In their spare time, influenced by two generations of Auburn feminists and by their time at Smith, Dorothy and Ros supported Jane Addams’s Hull House and advocated women’s suffrage. They became members of the Cayuga County Political Equality Club, and in good weather, they stood on soapboxes in Owasco. In 1914 they organized a meeting at Suffrage Headquarters in the Woman’s Union.

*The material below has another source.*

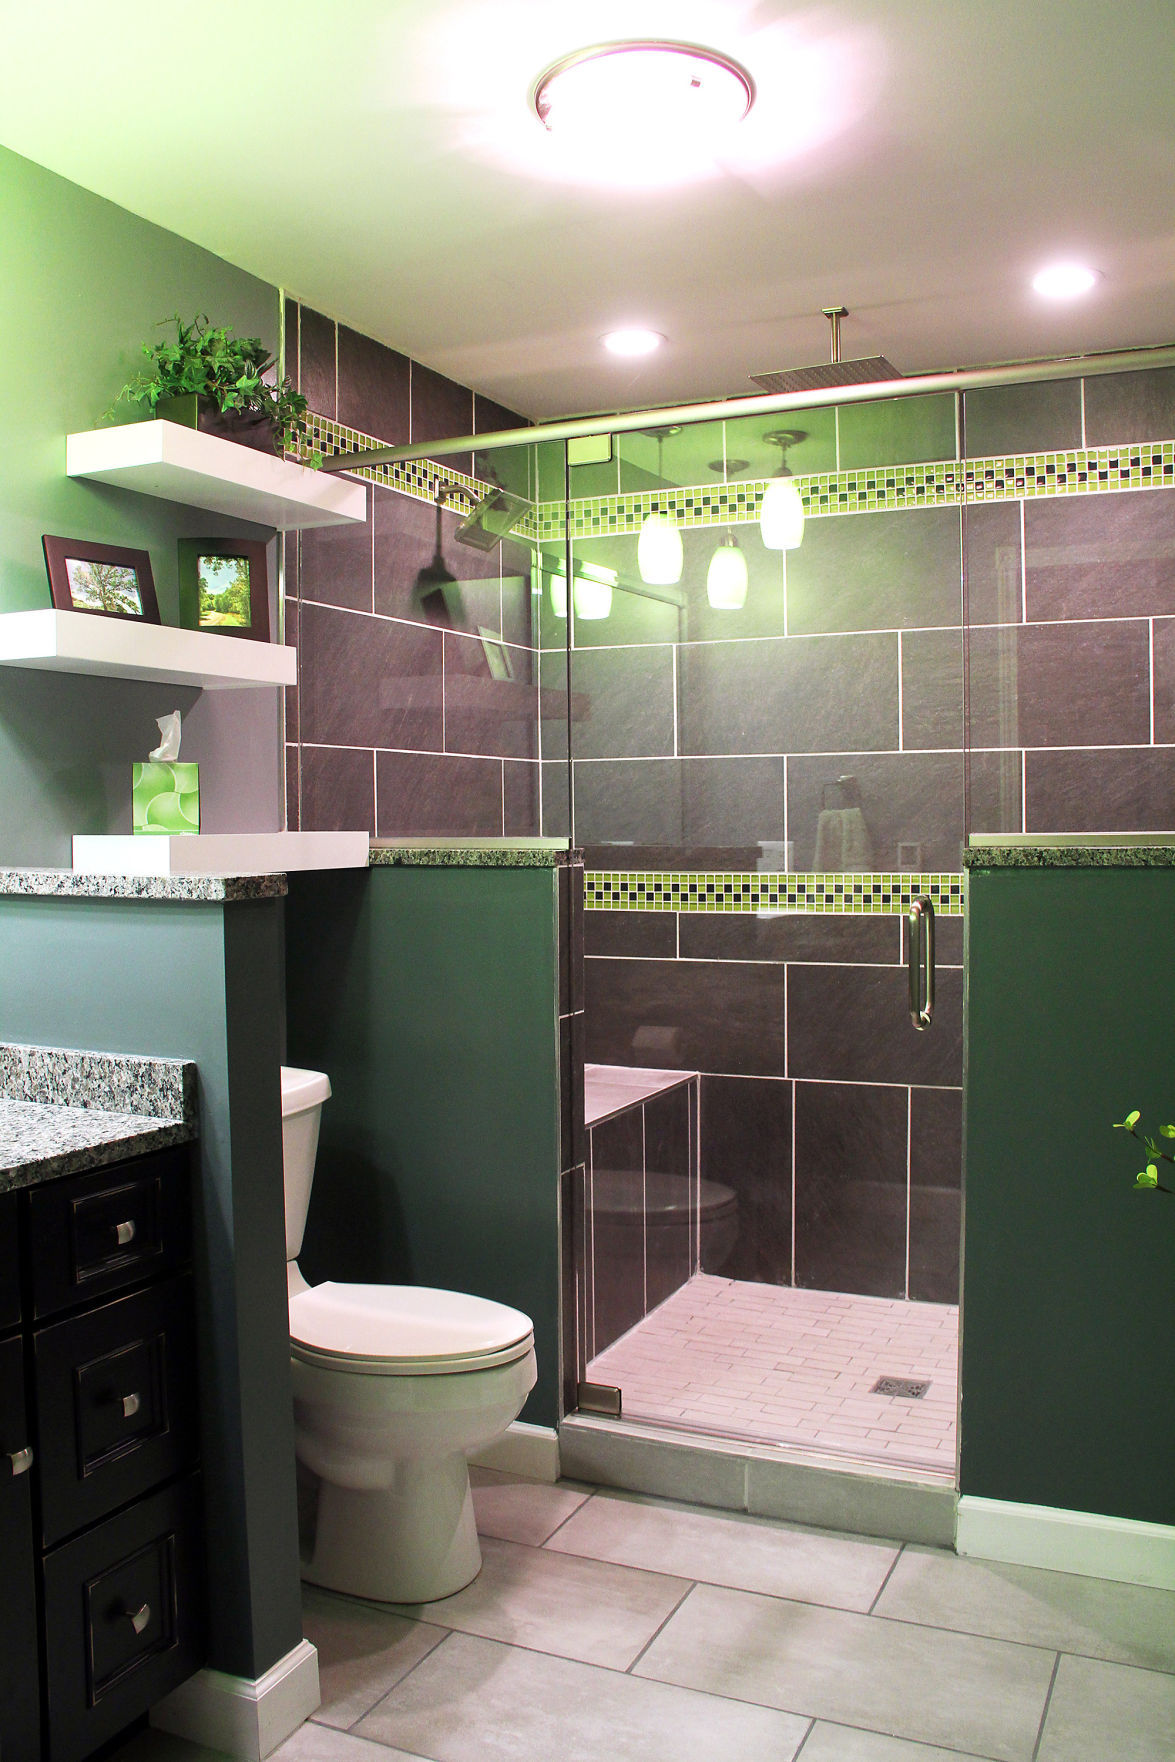 042015-lykam-bathroom-02

Dorothy introduced the speaker, Mrs. Theodore M. Pomeroy
of Buffalo, who talked about her work as a national officer of the club and explained why she was a suffragist. Mrs. Pomeroy described canvassing house-to-house and running meetings all over the city, so that women would be ready when their time came to vote. Thousands of women were attending, she said, immigrants included. In the future, “a mother who can instruct her sons in public questions will have more influence than another interested in a new hat. There is a psychological change in the world: in ages past women labored beside the men; then she came to be confined to house duties; now is the age of machinery, and woman’s work has been taken away from her.” She urged her audience
to consider that when one thing goes out of your life, you must find another to replace it, and she reminded them that women had “especial interest in educational, health, and corrective departments of work.” When tea was served, “Miss Underwood poured, assisted by Miss Woodruff.”